Crossing barbed wire fences is an art
Some people like to buy jeans with holes already in the fabric. I, however, prefer my new britches with only traditional waist and leg openings. Unfortunately, because I’m not good at crossing barbwire fences, I’ve ripped some fashionable extra tears in my denims.
One pair had a rent in the upper inseam that I was able to mend well enough to wear them in public. The other I managed to catch by the seater, and no matter how tiny my stitches were, I couldn’t piece that “L”shaped rip together without a visible patch. Regardless of how many young folks buy jeans with intentional rips, it just isn’t cool to be in public only to realize your needlecraft failed, leaving your undies on display.

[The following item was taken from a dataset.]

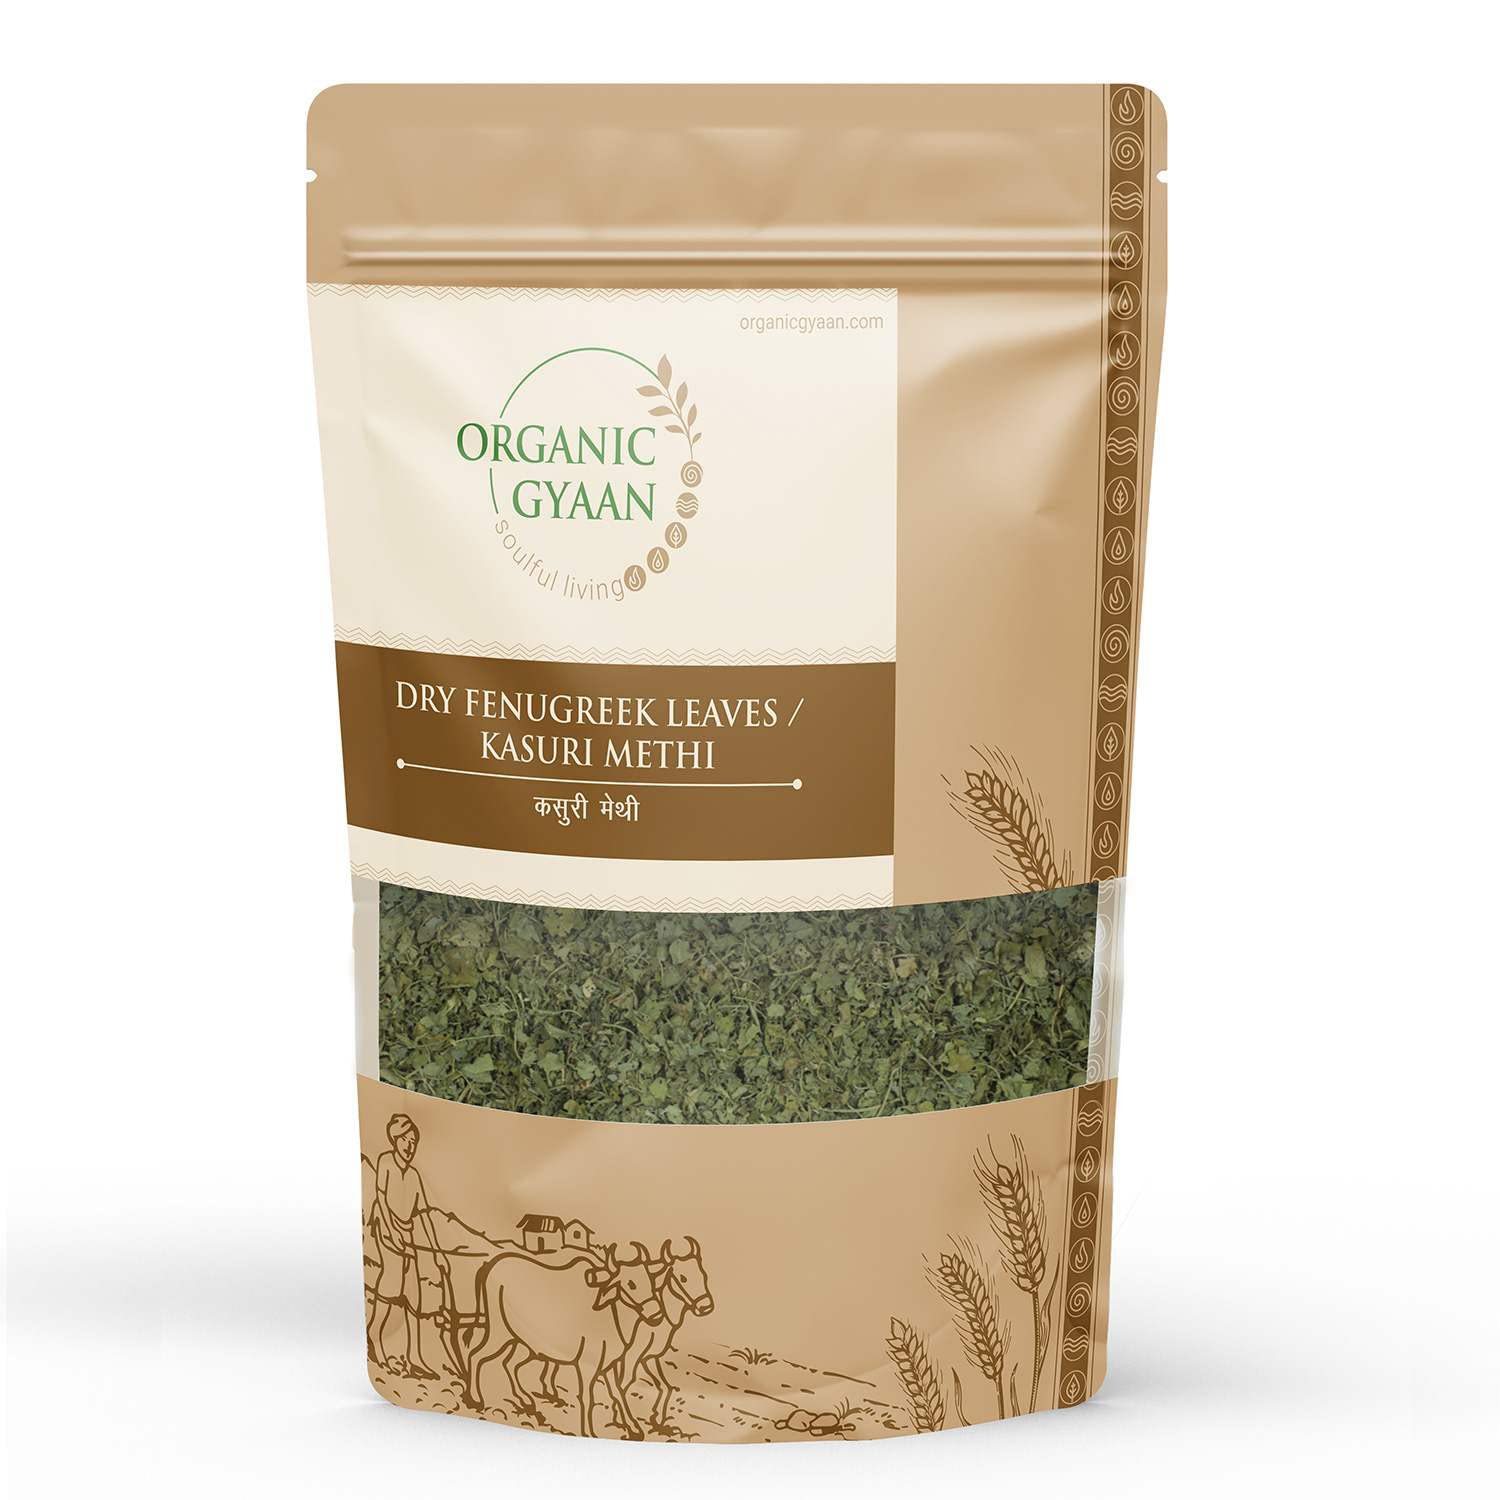 Organic Gyaan Organic Dry Fenugreek Leaves / Kasuri Methi 100gm

Despite initial appearances, this article isn’t really about torn jeans. They’re simply a result of ineffective efforts to get from one side of barbed wire to the other. People who’ve lived long in this country know fence crossing is an art. It isn’t something you wake up one morning to discover is your area of expertise. If author Malcolm Gladwell is correct, you’d need to climb over about 9,999 such enclosures before you were an expert. While I’m not sure that number is necessary, I know it takes practice to perform this feat without damaging fence, flesh, or pants.

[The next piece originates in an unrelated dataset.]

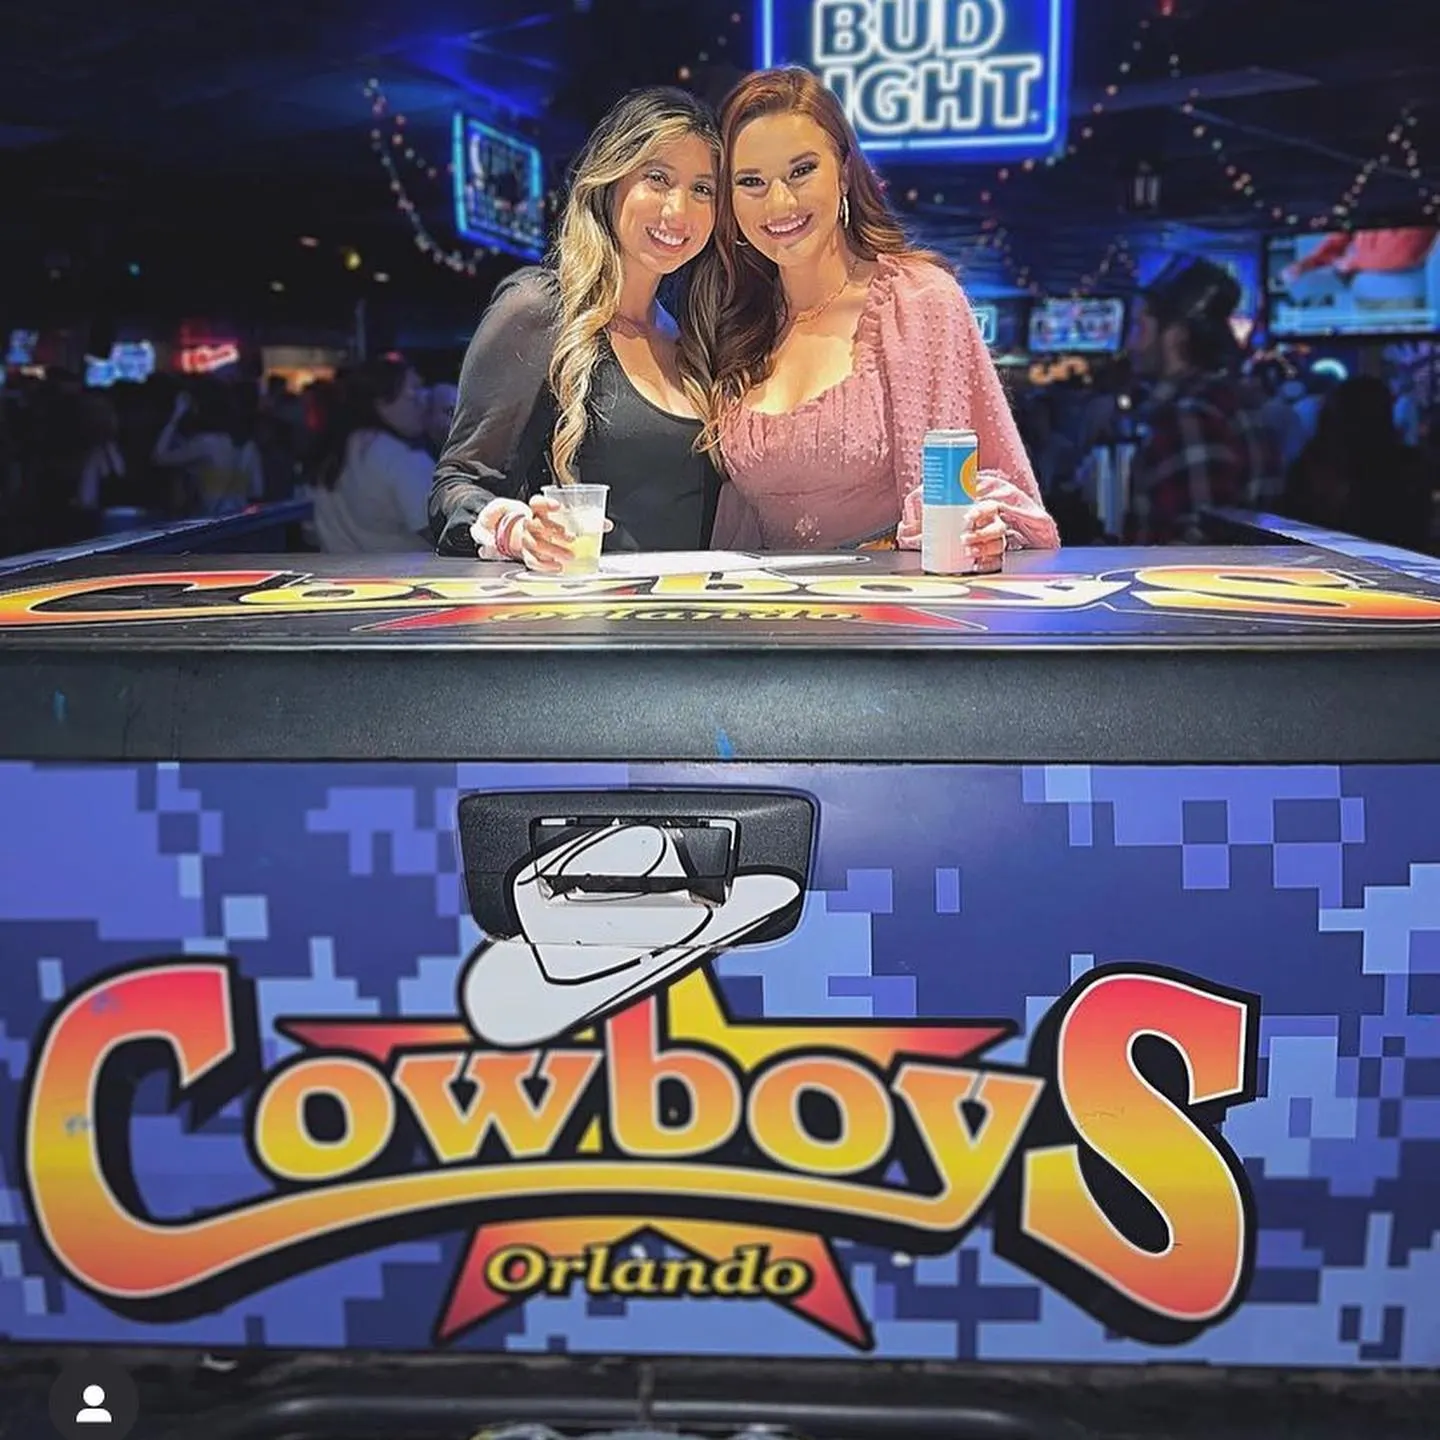 Cowboys Orlando, Orlando

Before you think about your own well-being or that of your clothing when crossing these barriers, you have to be sure the fence doesn’t get messed up when you either lift a leg over or stretch the top and middle wires wide enough to allow an adult to squeeze through. Fixing fence is no fun, so you don’t want to set yourself up for stapling line back on posts or having to splice it. If you’re responsible, you aren’t going to mess up a landowner’s hard work and then not repair it.
Once you’ve made sure you aren’t damaging that wire barricade, you need to decide whether you have long enough legs or superhuman leaping power to get yourself over the obstacle without jabbing yourself in some tender parts. It’s difficult to maintain composure among a group of friends and hunting buddies when you’ve hung your inner thigh up on a metal projectile. It’s more challenging to act like everything is fine with your nether regions attached to that fence, and you can’t find a place to grab the torturous cable without catching hand flesh and ripping it as well
If you can’t make it over the obstacle, you need to squeeze your hunting-gear-encased torso between taut lines and then drag your legs through one at a time. For folks who don’t practice yoga regularly, this is difficult. You’re also depending on a fallible human to spread those lines wide. Sometimes the responsible party gets distracted. All the apologies in the world don’t make it feel better when you’ve been twanged between two strands of barbed wire—and that’s after you get your clothes and hair detached.
I’ve ripped enough almost-new jeans to wonder if some outdoors person who wasn’t very good at crossing barbed wire fences was responsible for making torn denims fashionable. I don’t have to pay extra for torn pants. A trip out of doors updates my wardrobe considerably.